Más concretamente, lo que el lector hallará al visitar esta novela será la historia, a medias real y a medias no, de una familia hebrea europea. El último vástago de los Spinoza, Ari, languidece frente a un escritorio mientras la muerte lee por encima de su hombro y, solitario como es, sin familia ni descendientes que disculpen su paso por la Tierra, decide consignar el pasado fabuloso de su estirpe en un libro. En la tarea le alumbrará el ejemplo de un borroso tío abuelo, Fernando, que le relataba cuentos cuando niño, y exhumando cuyas parábolas logra descender hasta las primeras raíces de su sangre: los médicos de los reyes de Portugal durante la Edad Media, los envenenadores y los cabalistas, los payasos, los poetas, los sabios y los místicos, los traidores. Ese recorrido sirve al narrador para realizar varias excursiones informales a la historia de Europa y revisitar sucesos angulares del pasado con una pátina de encanto o guasa. Abundan las deportaciones, los apuñalamientos, las cámaras de gas, pero también el chiste, la ironía y el paso elástico: si algo ha de reconocérsele al autor es saber manejar este material con ánimo ligero y no dejarse lastrar por seriedades que en manos de otro habrían convertido los párrafos en alambre y cemento armado. Para hablar de Auschwitz no siempre hay que llevar corbata, o la corbata no tiene por qué ser siempre negra.

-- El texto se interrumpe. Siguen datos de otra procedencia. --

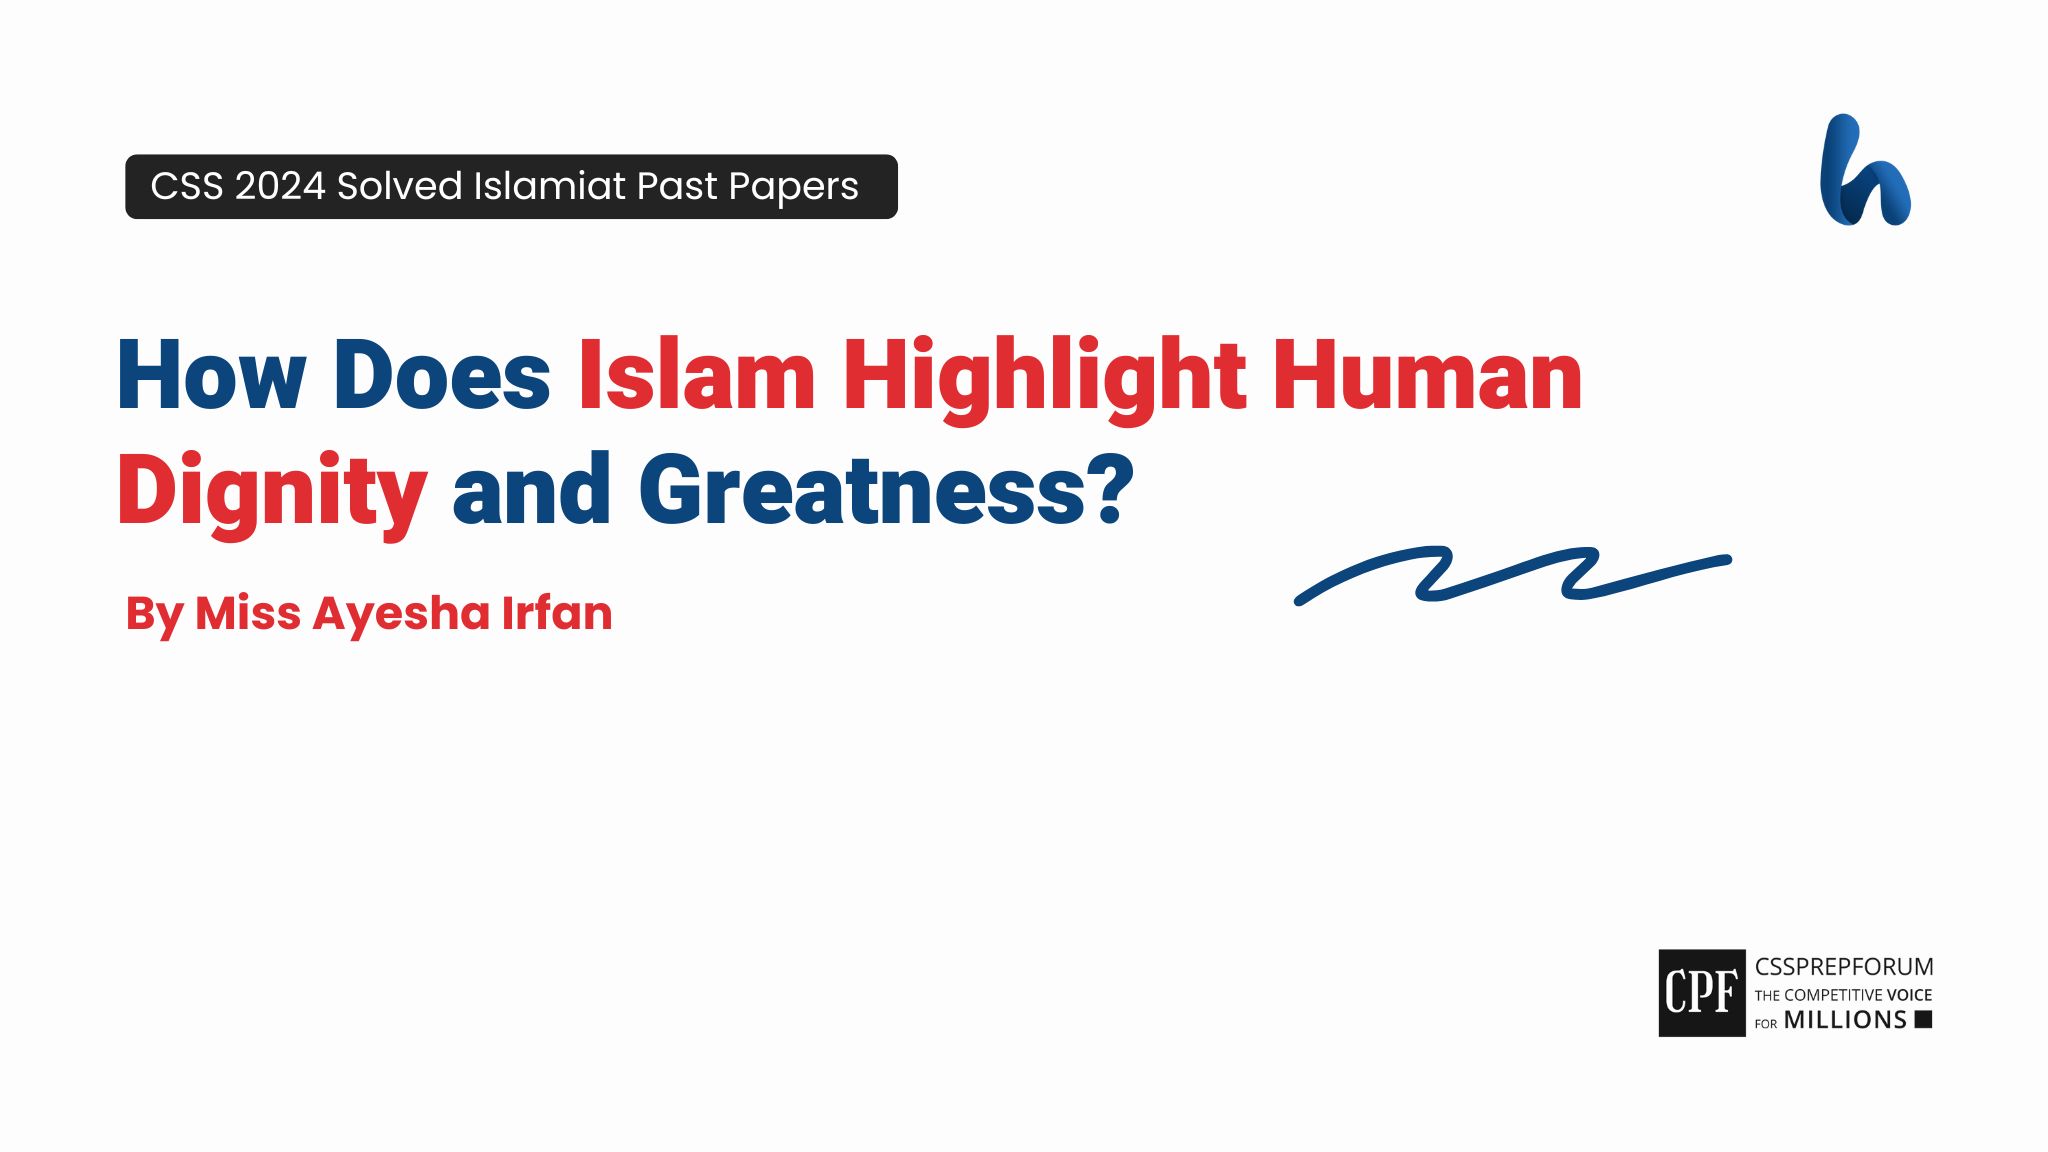 CSS Islamiat 2024 question, "Human Dignity and Greatness in Islam" is Solved by Miss Ayesha Irfan...
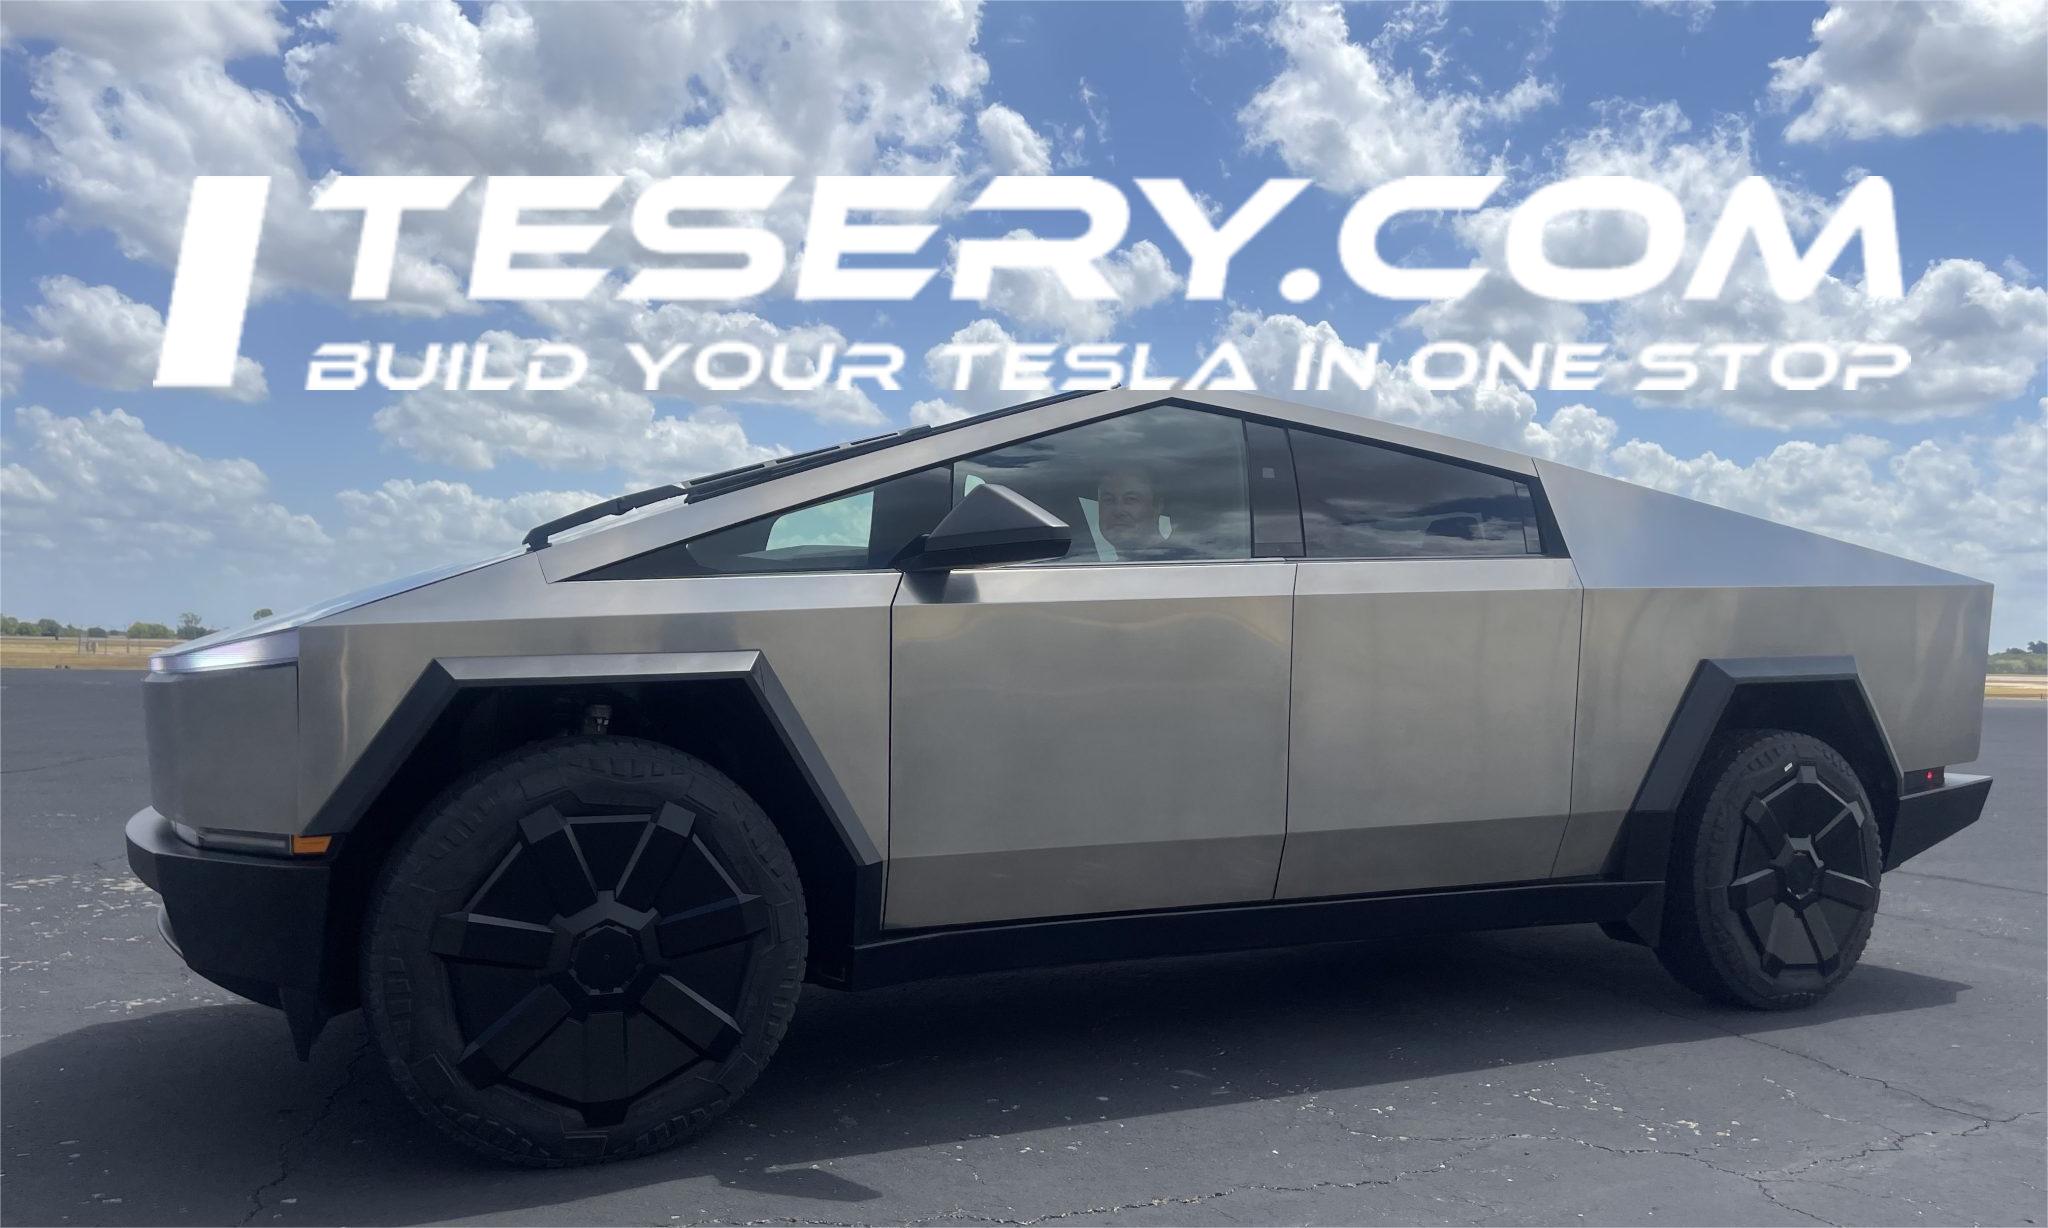 First Glimpse of Tesla's Production-Ready Cybertruck: Elon Musk Shares Exciting Preview - Tesery Official Store

Como gentilicio de sus héroes, Gleichmann ha elegido hermosamente el apellido Spinoza. No es casual. Aunque ha de competir con Kafka, con Freud, con Einstein y Woody Allen, a Spinoza le cabe el raro honor de ser el judío más brillante de la diáspora, aquel que con mayor maestría ha sabido destilar lo que su pueblo tiene de osado y único. Al concederle el patronazgo de su clan imaginario, Gleichmann parece hacerle también, de algún modo, el ángel guardián de su legión de antepasados y de todos los que vendrán detrás de él. Un hombre ecuánime, inteligente, taciturno, conciliador, que despreció las diferencias entre las personas cuando vienen inducidas por vulgaridades como la nacionalidad o el credo: todo un ejemplo a seguir por sus biznietos de cuatro siglos más tarde.

admin

Un comentario

  1. Me gustaría saber si el autor rinde justicia al abismo que separa los dos mundos completamente, radicalmente distintos, que albergan a sefardíes y asquenazíes, o si (como la palabra Auschwitz y «nación errante que peregrina por Europa» parece indicar) contribuye a diluir la narrativa histórica sefardí dentro del estándar homogeneizado asquenazí.